#### [The input]
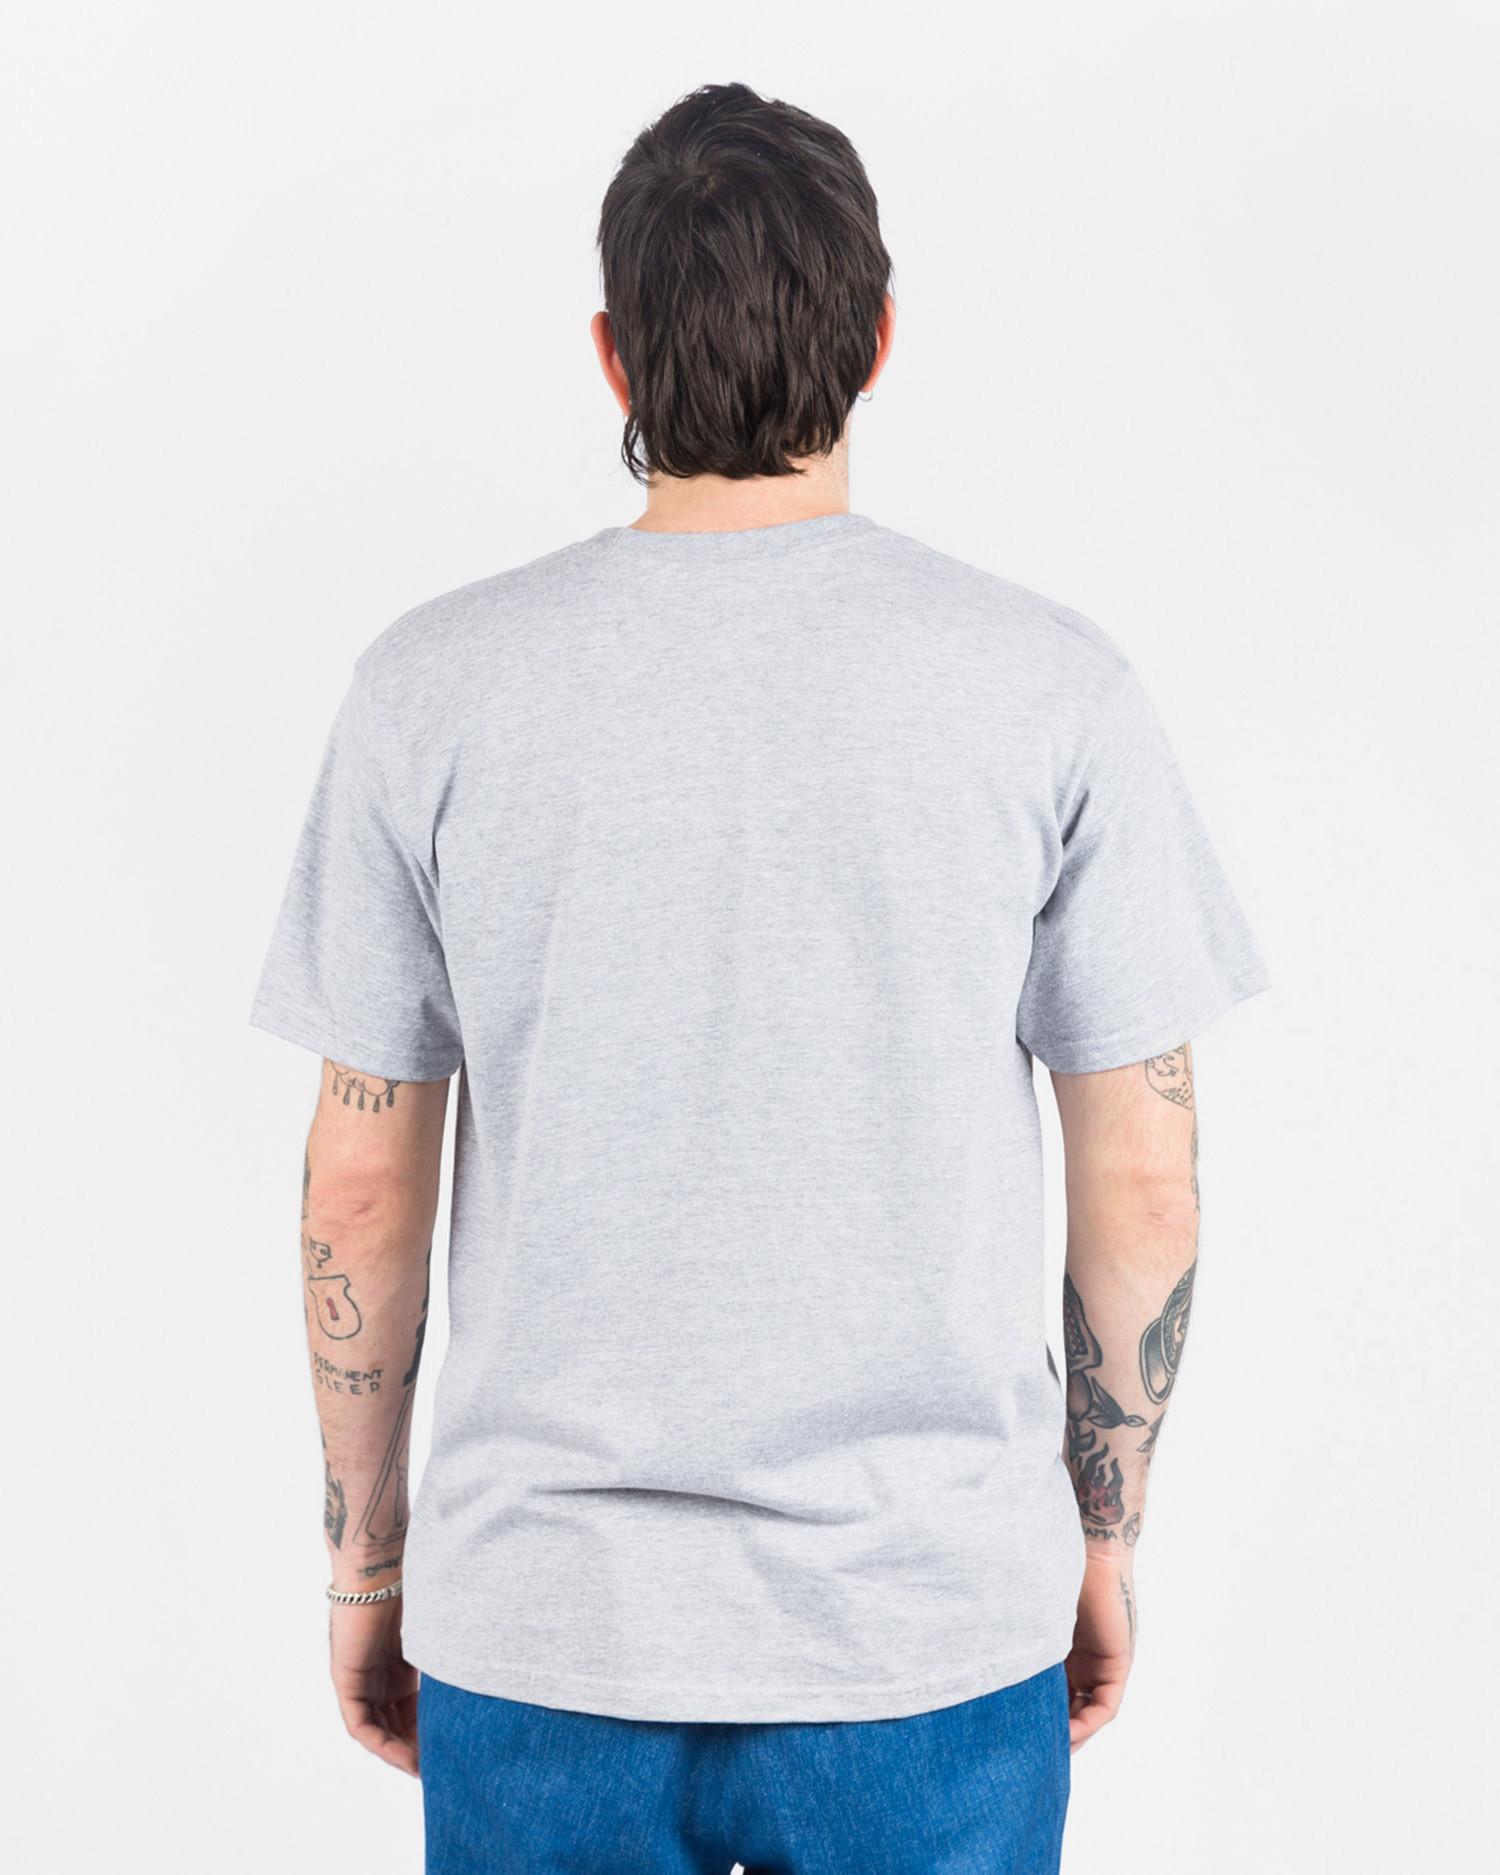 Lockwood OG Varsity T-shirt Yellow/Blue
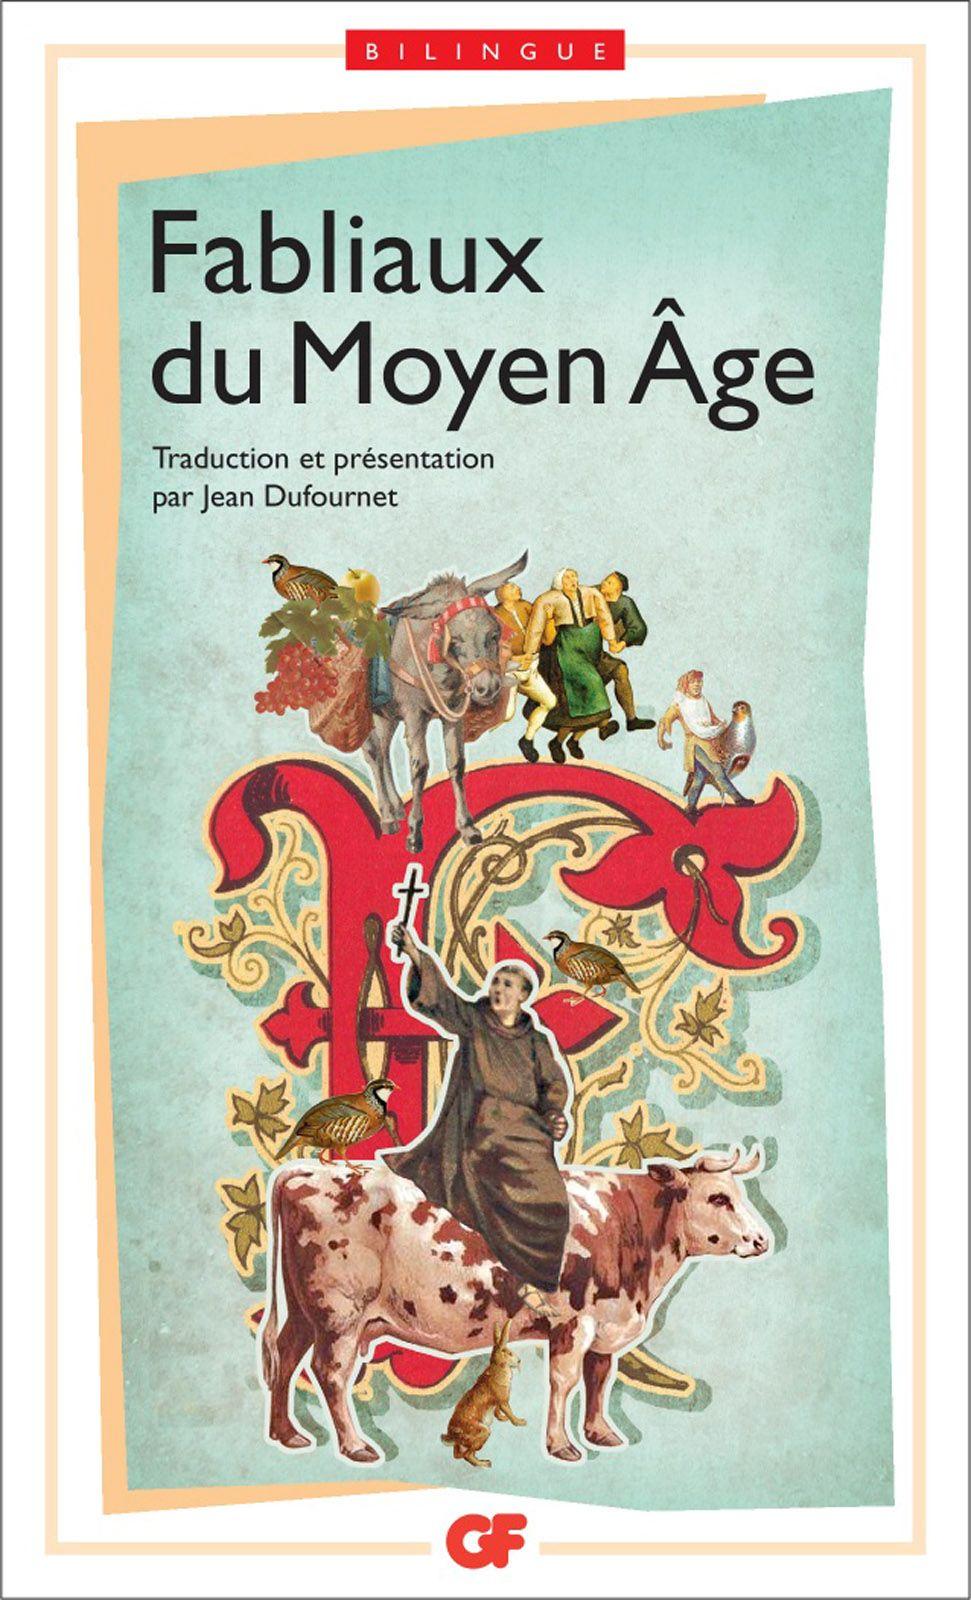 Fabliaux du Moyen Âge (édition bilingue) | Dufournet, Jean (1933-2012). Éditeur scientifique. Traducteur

--

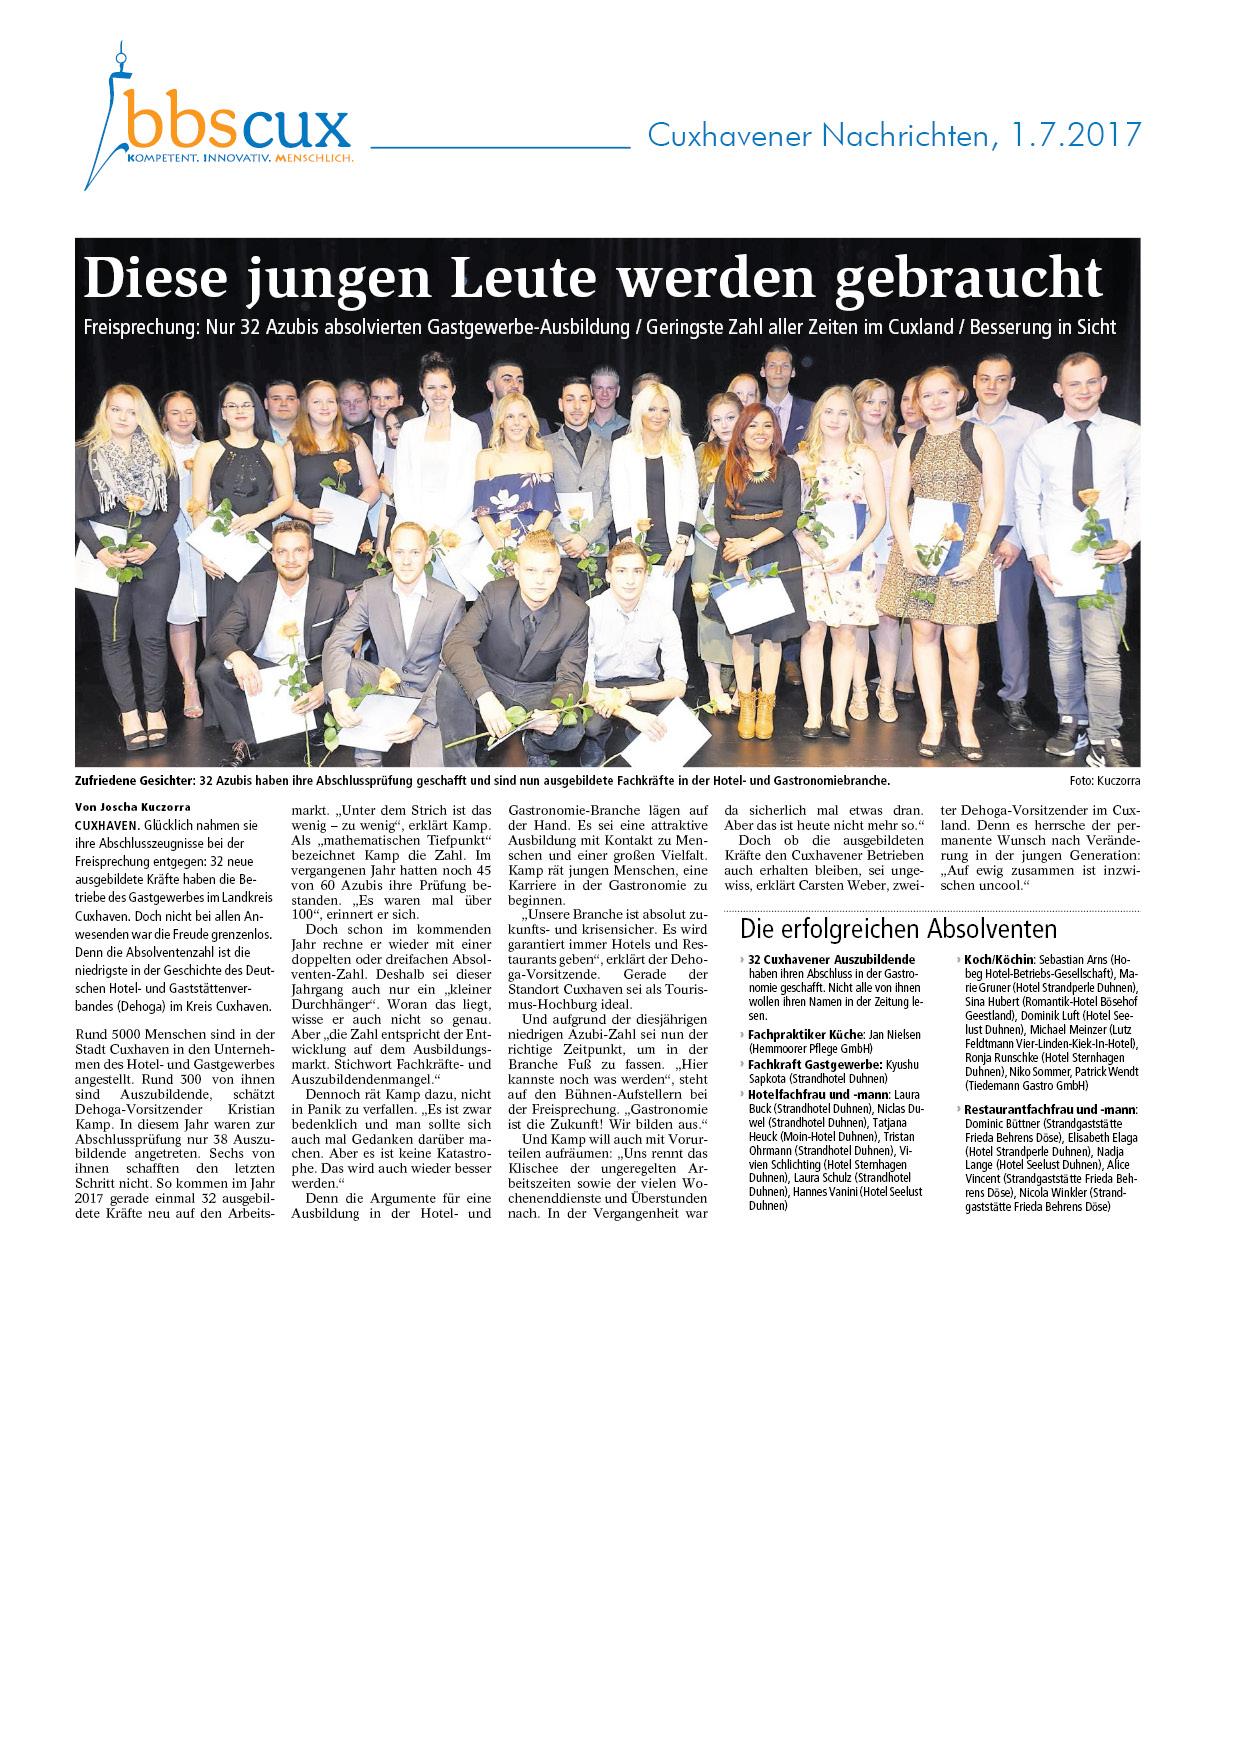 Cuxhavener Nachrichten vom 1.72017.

#### [Exercise prompt]
Return only the part above that opens with the line containing "Lockwood OG Varsity T-shirt Yellow/Blue" and closes with the line containing "Fabliaux du Moyen", exactly and with both ends, skipping the pictures.

#### [Exercise response]
 Lockwood OG Varsity T-shirt Yellow/Blue
 Fabliaux du Moyen Âge (édition bilingue) | Dufournet, Jean (1933-2012). Éditeur scientifique. Traducteur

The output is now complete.